INSTRUCTIONS FOR THE TASK: All of the data that follows should be given again exactly, without its images.

DATASET EXTRACT:

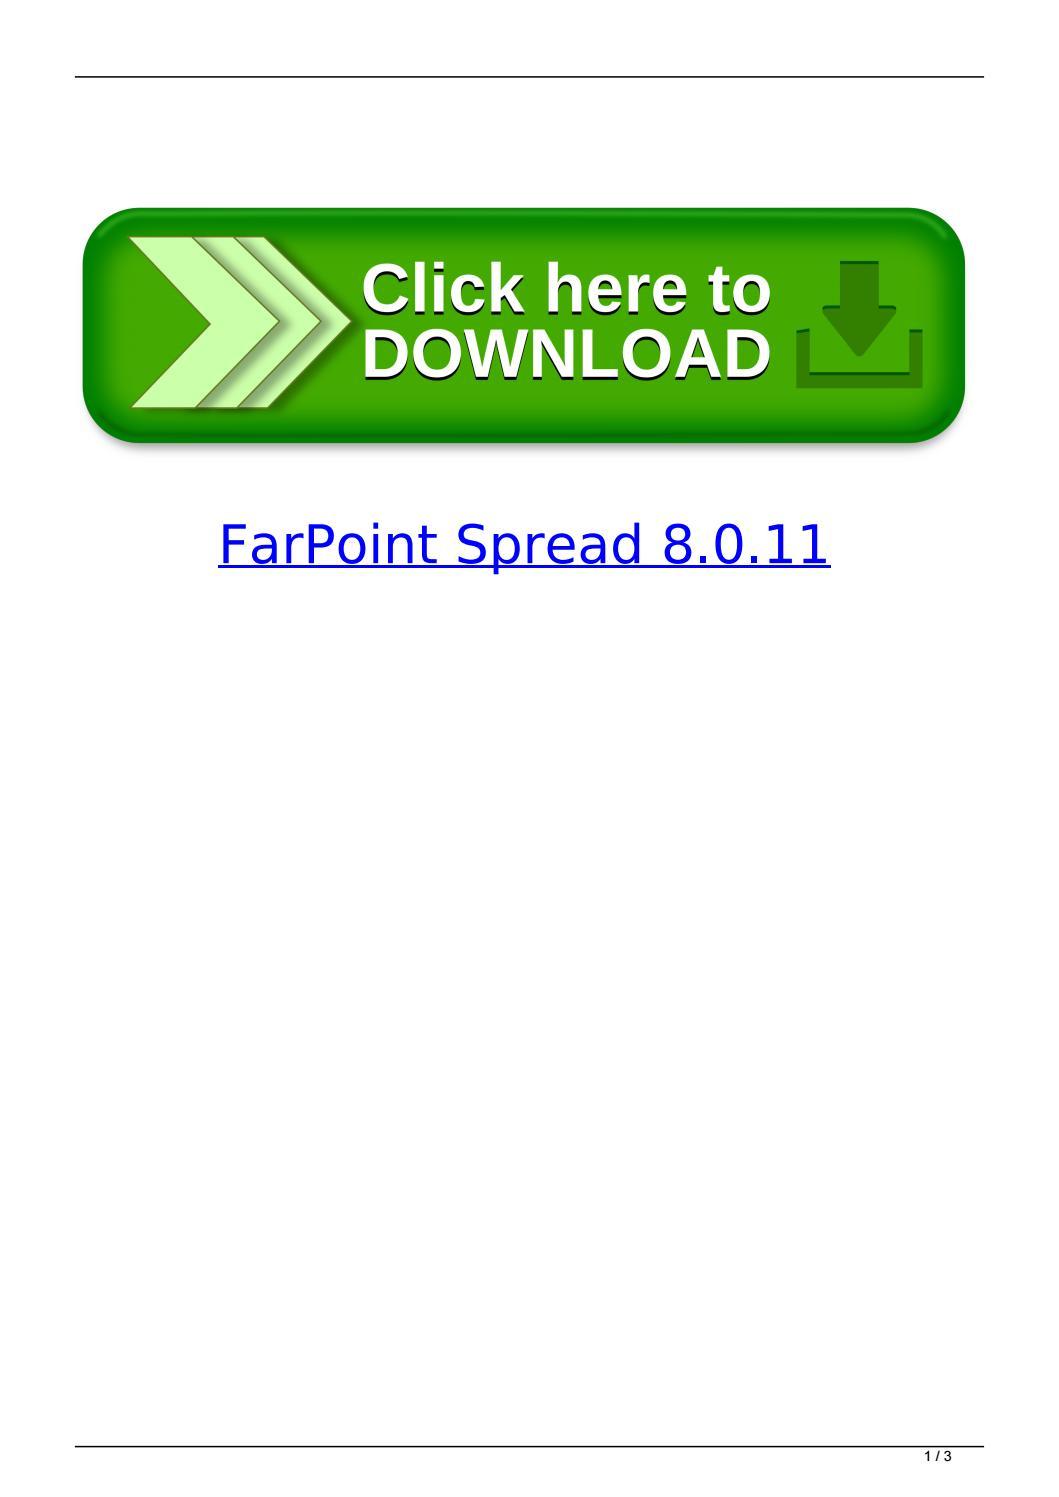 Farpoint Spreadsheet In Farpoint Spread 8.0.11Vijecnaakyb  Issuu
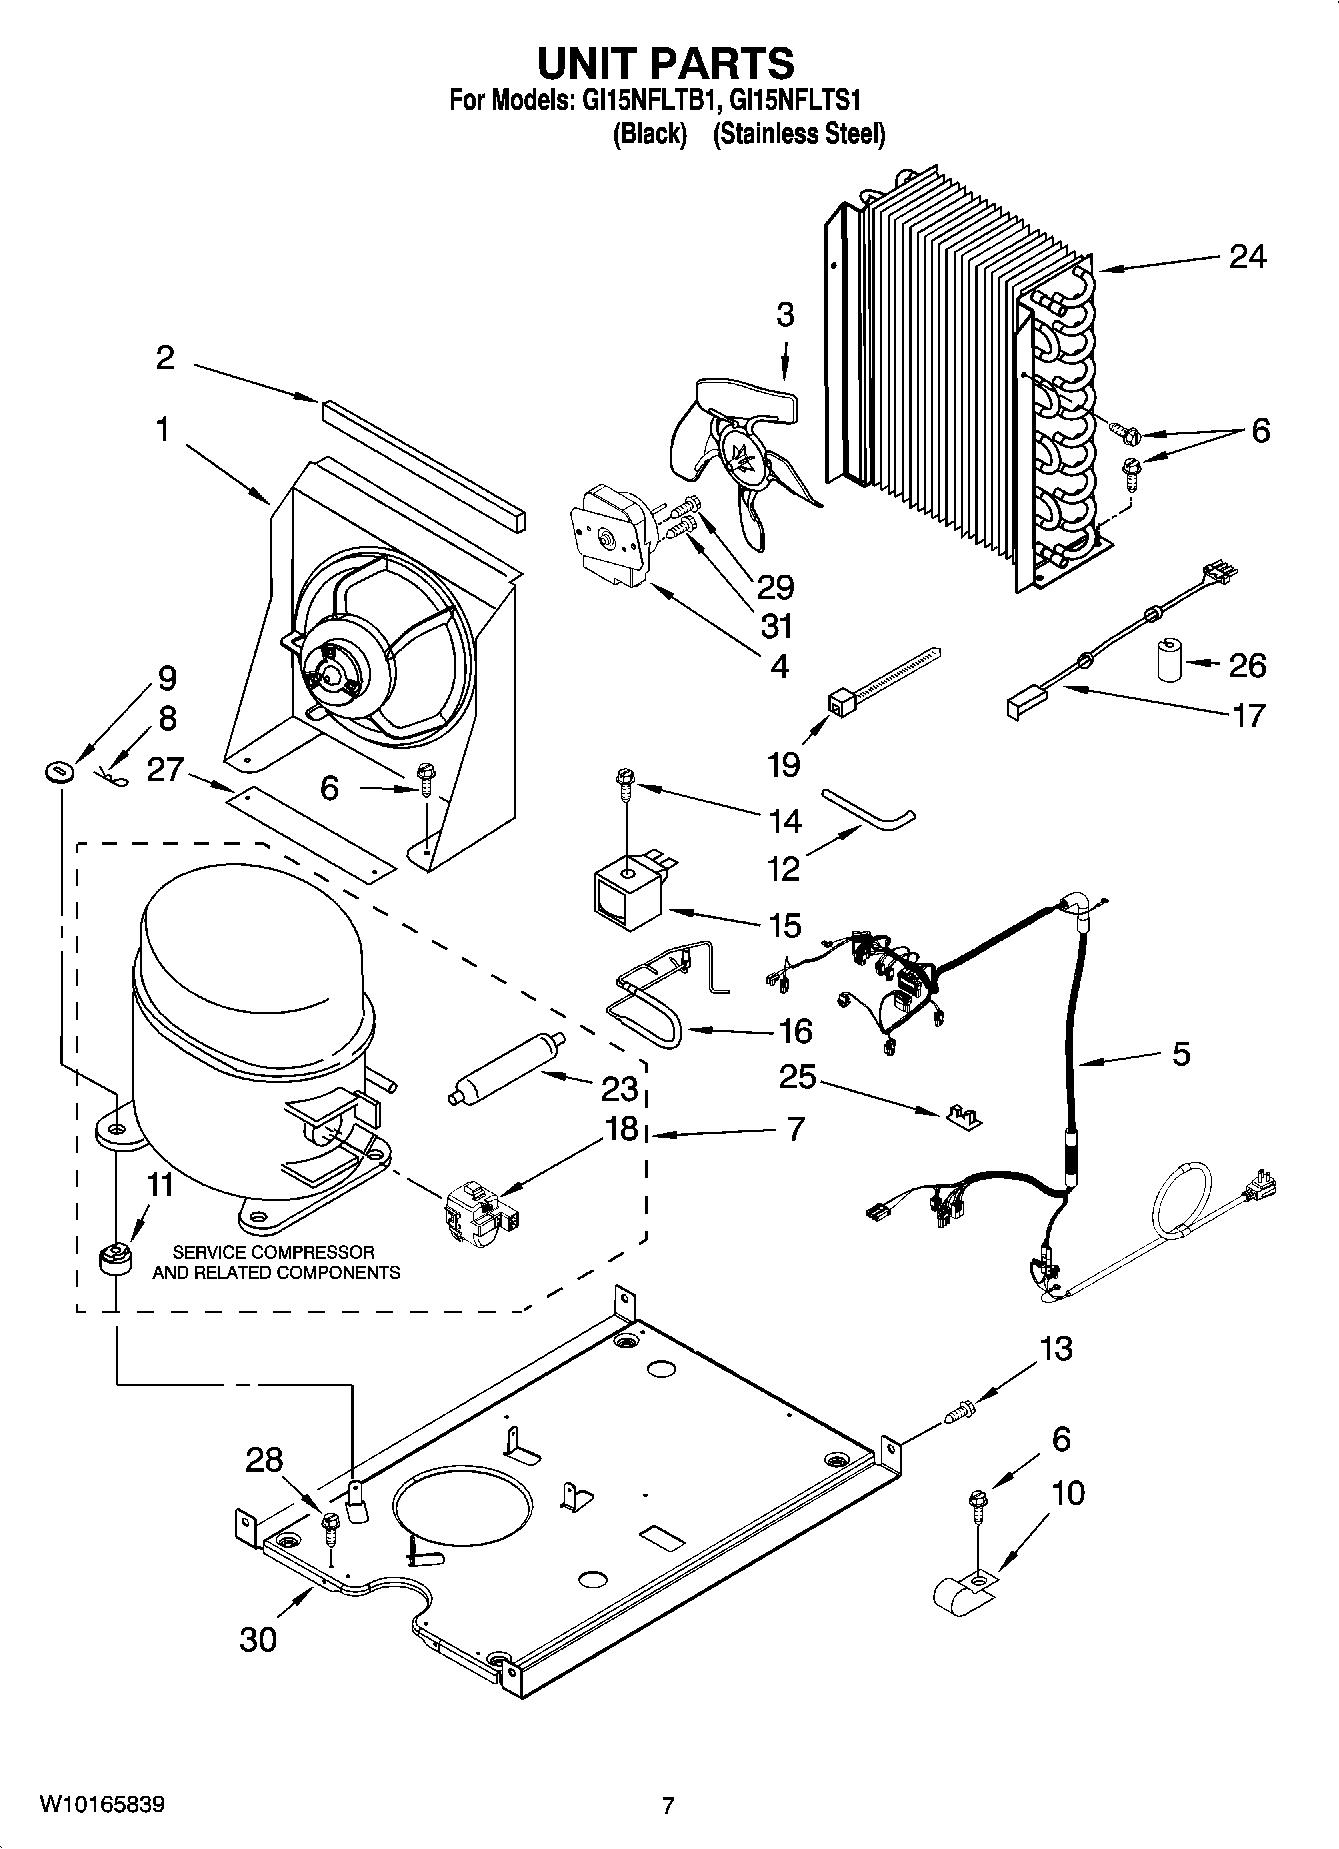 GI15NFLTB1
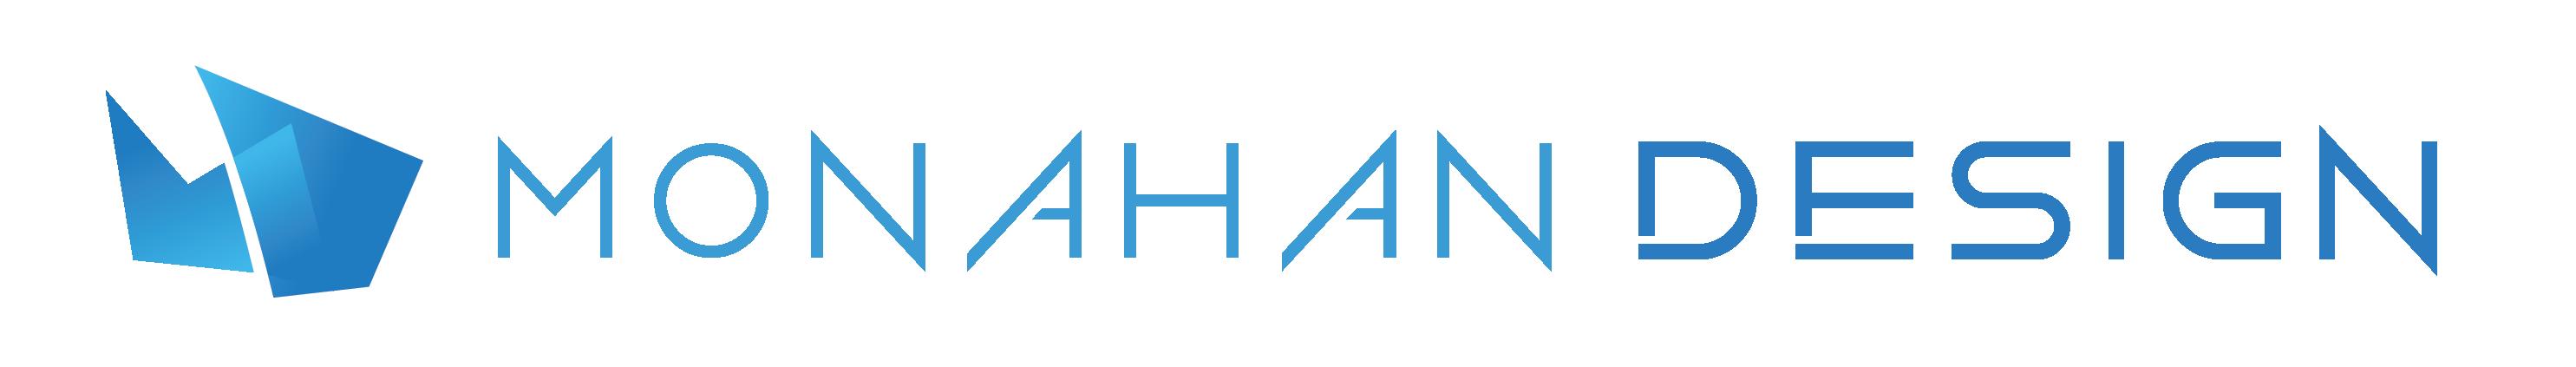 Monahan Design

RESPONSE TO THIS EXERCISE:
 Farpoint Spreadsheet In Farpoint Spread 8.0.11Vijecnaakyb  Issuu
 GI15NFLTB1
 Monahan Design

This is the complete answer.